Each computer has a hostname defined in /etc/hosts. Each computer has a single administrator (not used daily) and multiple users (without elevated permissions) for daily use. All users have their own user space and must work within containers in order to install any software. On the host OS, they can only access basic tools such as a browser and code editor.

The Robot Computer

The robot arm is directly connected to the Robot Computer. This PC has the PREEMPT-RT patch and ROS installed directly. There is a single administrator who is not used on a daily basis, and a number of users without elevated permissions, one for each user of the system. The Robot Computer also serves as the ROS Master of the system.

Each user of the system will have their own account (without elevated permissions) and will need to create their ROS workspace using our fork of franka_ros. Our fork includes a modified launch file with the cobot pump end-effector and also integrates our ROS implementation of the pump.

The Servers

The robot computer is not used frequently as it is headless (accessible via SSH) and is only utilised to initiate the ROS drivers for the robot arm. Users will SSH into it from a server with the sole purpose of starting the robot drivers and initiating a roscore.

For the Panda robot specifically, a user needs to access the “Desk” to enable and unlock the robot. This can only be done on the “Robot Computer,” which is headless. We configured the servers such that the desk can be accessed from a server using the following alias:

alias desk="ssh -YC YOUR_USERNAME@robot-computer firefox https://panda-control -no-remote"

Users will spend most of their time on one of the servers. Containerisation happens on the servers.

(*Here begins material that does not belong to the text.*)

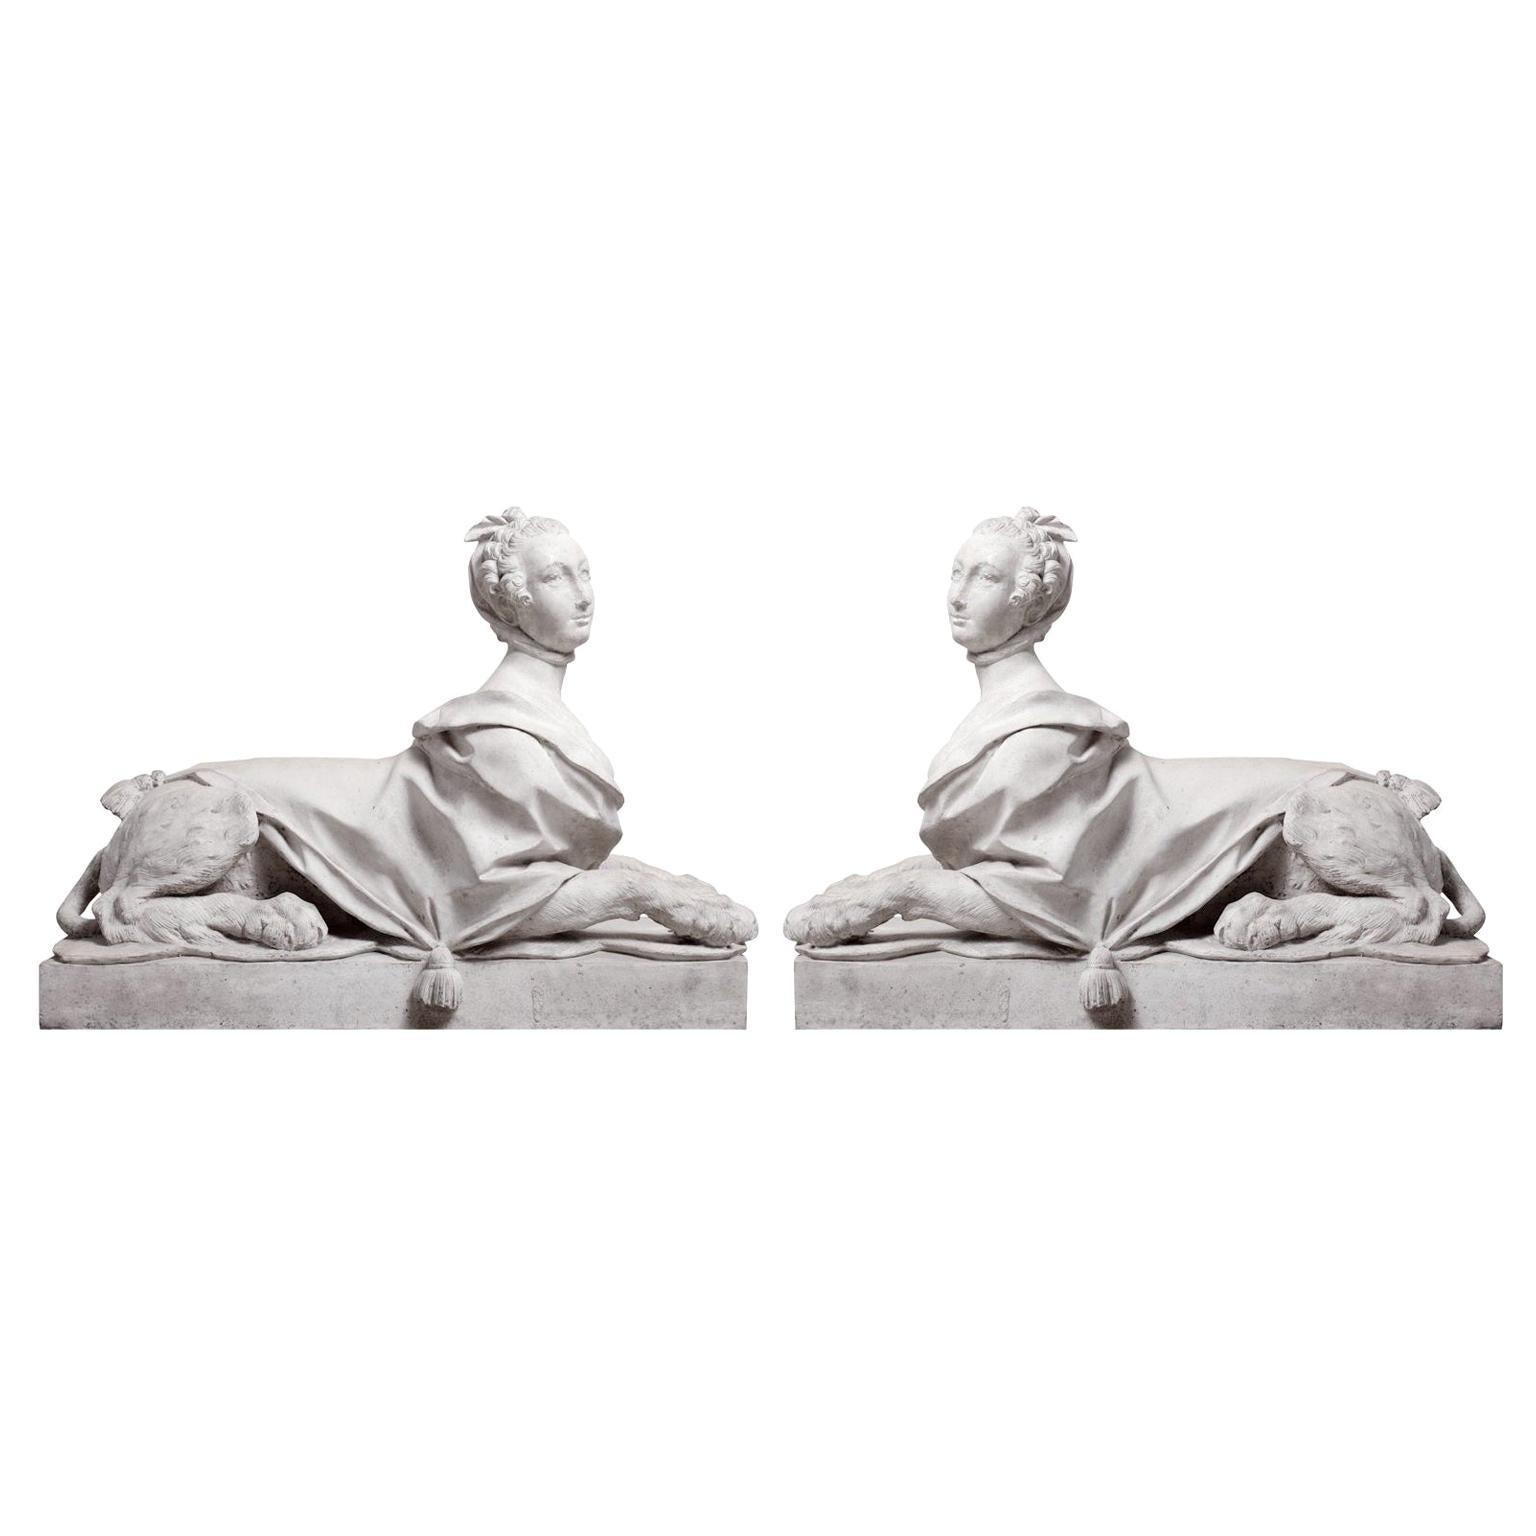 Pair of Louis XV Style Sculpture of Madame de Pompadour as Sphinxes

A user’s “daily routine” may involve the following process:

  1. Logging into the server with their account.
  2. Opening a desk via SSH to turn on the robot (i.e., running desk in the terminal to invoke the alias above).
  3. SSH’ing into the Robot Computer to start the drivers and ROS.
  4. Starting a container for a specific task on the server they are working on, for example:
    1. Starting a container to run the ROS drivers for a sensor like RealSense.
    2. Starting a container to run motion planning libraries.
    3. Starting a container to run their code.

All these containers can communicate with other containers and even computers on the network (including the ‘Robot Computer’) using ROS out-of-the-box, as long as the ROS_MASTER_URI and ROS_IP/ROS_HOSTNAME are correctly set within the .bashrc file of the container.

4. How to build Apptainer containers

I provide a template container repo here. You can use this template repo to start a new container.

You will find the following files:

  1. home/: This directory becomes the “home” directory of the container. It is optional, as you could have the container access the home directory of the host OS. However, it is not recommended because any user-specific changes will affect your host OS and other containers.
  2. scripts/: These are the “recipe” or “definition” files used to build the container:
    1. post_script.sh: This file contains all the commands that you want to run during the build. These commands should be non-interactive, meaning they should not require user input.
    2. run_script.sh: This file contains all the commands that you want to run every time the container is executed. Typically, user-specific commands are included here.
  3. Singularity: This file specifies the base image to pull from DockerHub (e.g., Ubuntu 20.04) as well as other metadata and the path to the post and run scripts.
  4. Makefile: For convenience, this Makefile allows one to build and use the containers. Note certain commands in this file require elevated permissions, however you will see a --fakeroot flag to address this and allow a user to build a container without elevated permissions.
    1. make sandbox-build: Builds a sandbox container (a mutable container).
    2. make sandbox-run: Runs a sandbox container.
    3. make sandbox-write: Runs a sandbox container in write mode, allowing for the installation of new system-wide packages1.
    4. make img-build: Builds an image (immutable container).
    5. make img-run: Runs an image container.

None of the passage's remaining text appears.